>>>

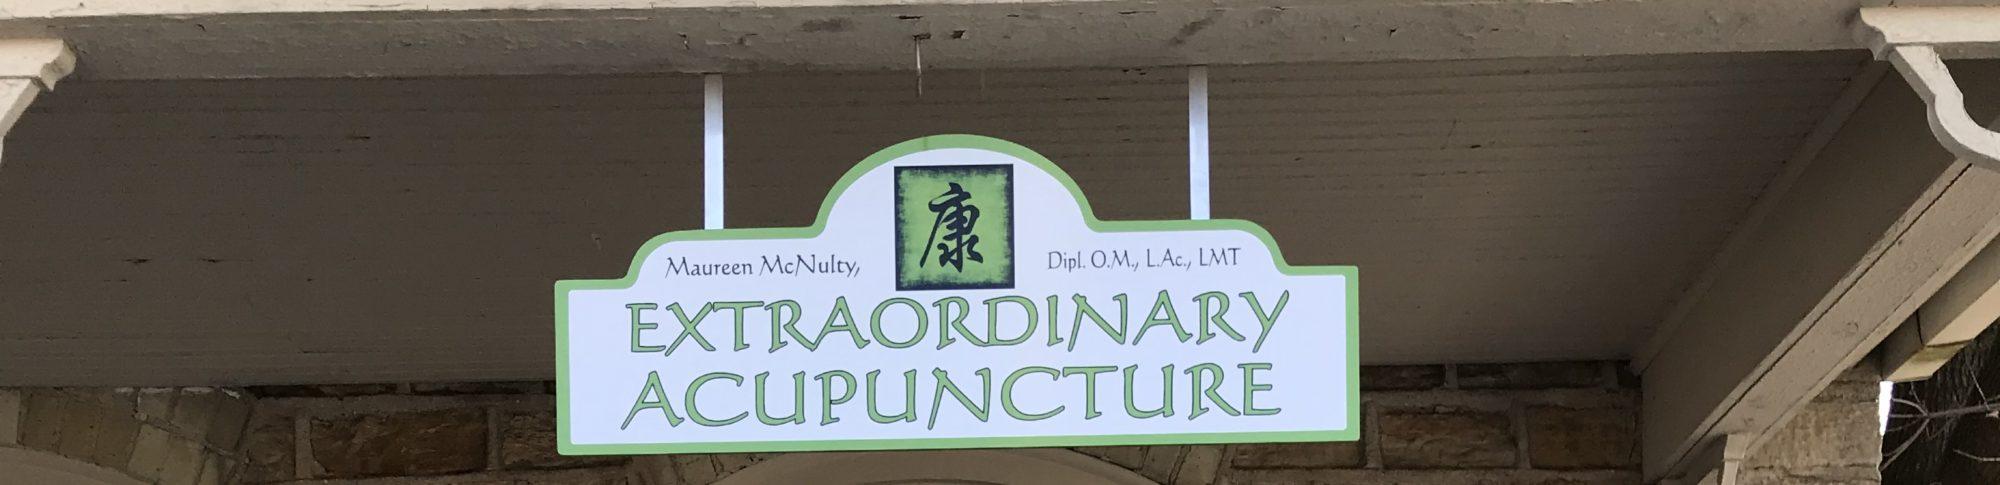 Extraordinary Acupuncture
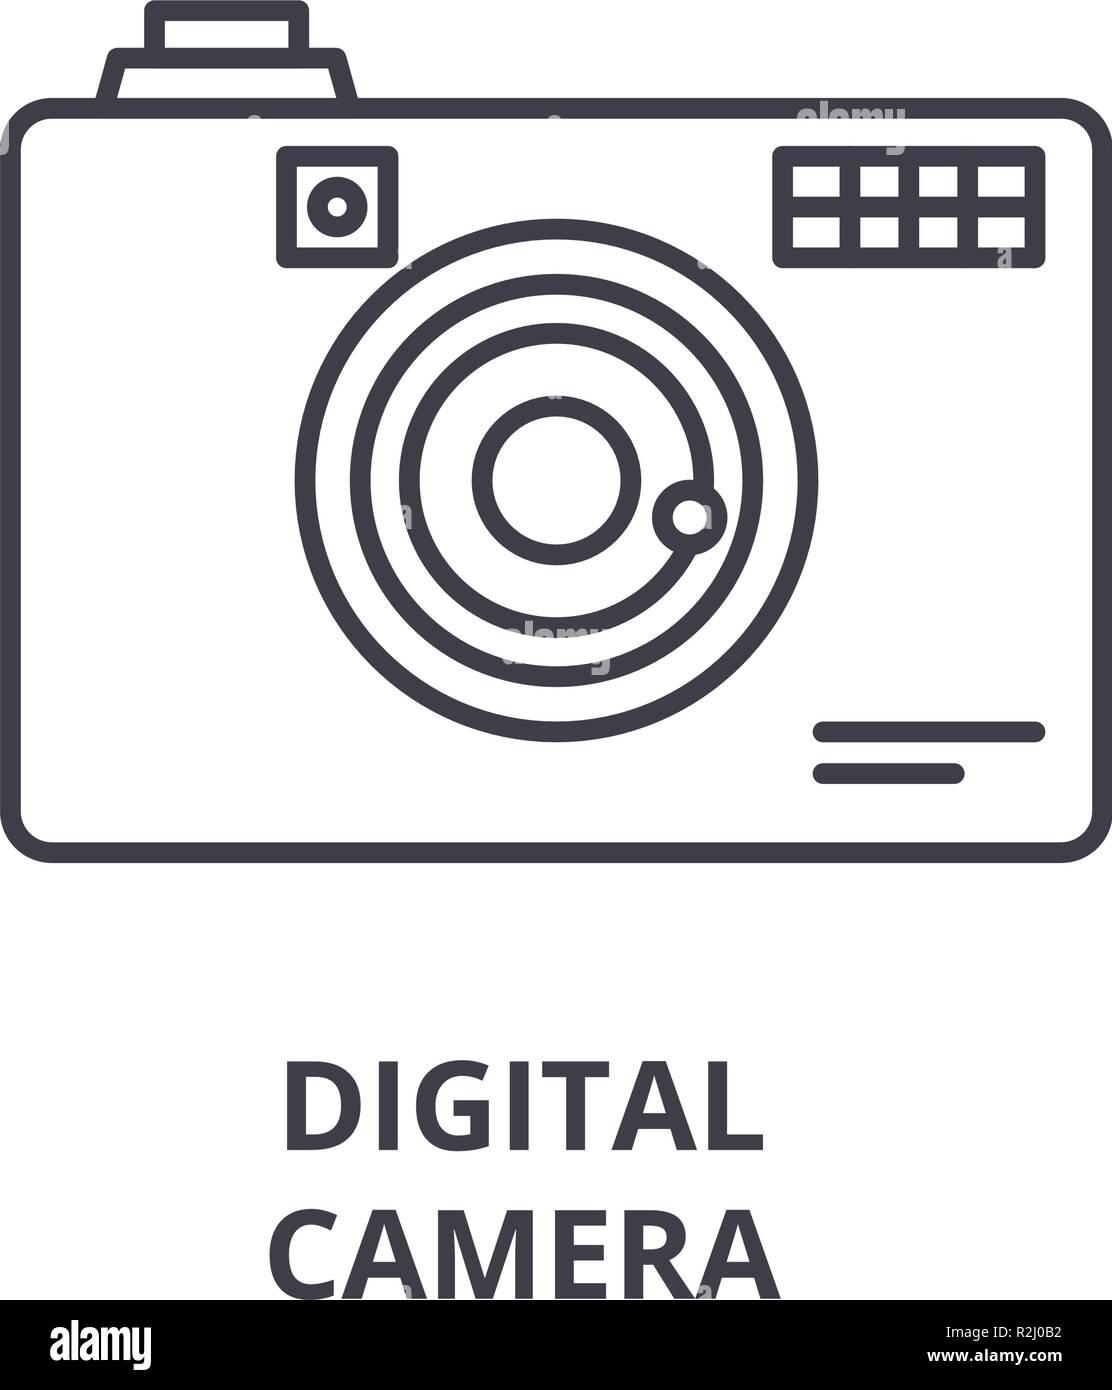 Digital camera line icon concept. Digital camera vector linear illustration, symbol, sign - Stock Image
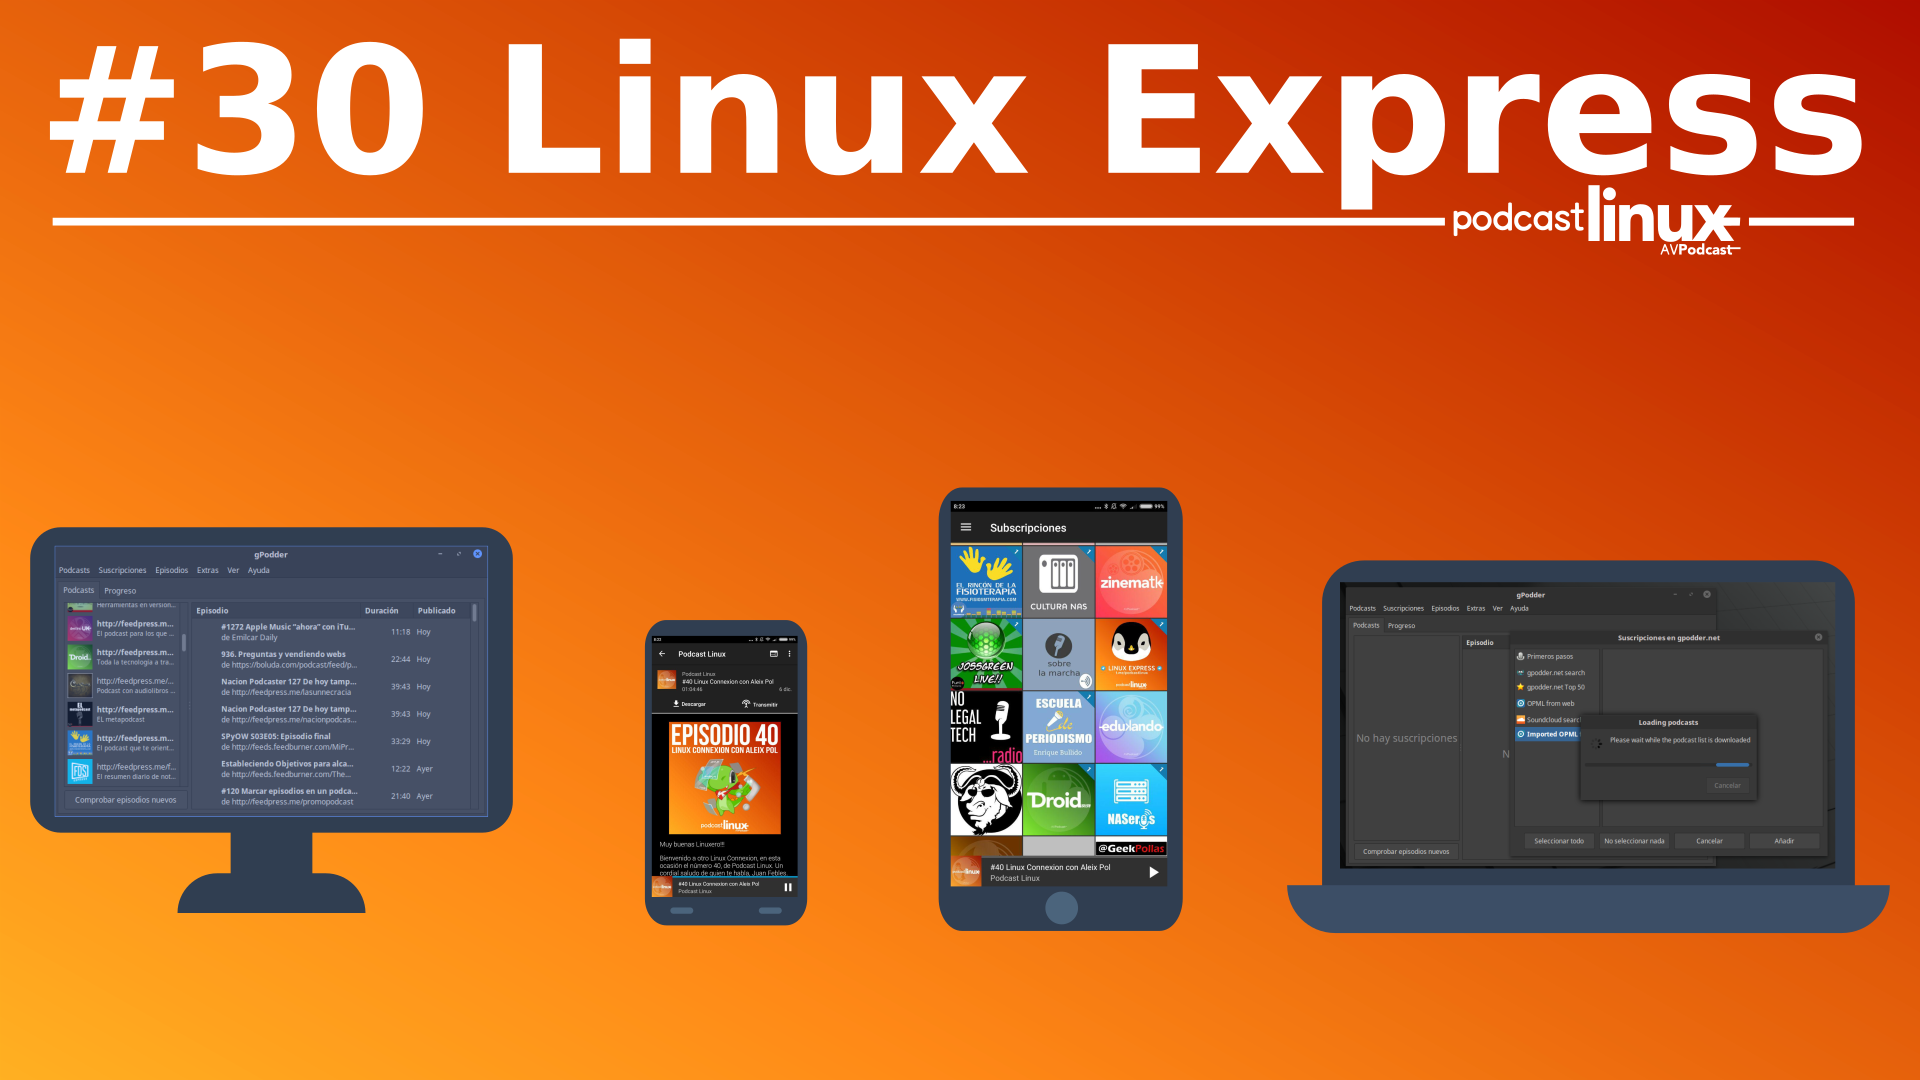 #30 Linux Express

<<<

» **PROBLEM REQUIREMENTS**
Reproduce the lines above exactly, image-free.

» **SOLUTION TO THIS PROBLEM**
 Extraordinary Acupuncture
 Digital camera line icon concept. Digital camera vector linear illustration, symbol, sign - Stock Image
 #30 Linux Express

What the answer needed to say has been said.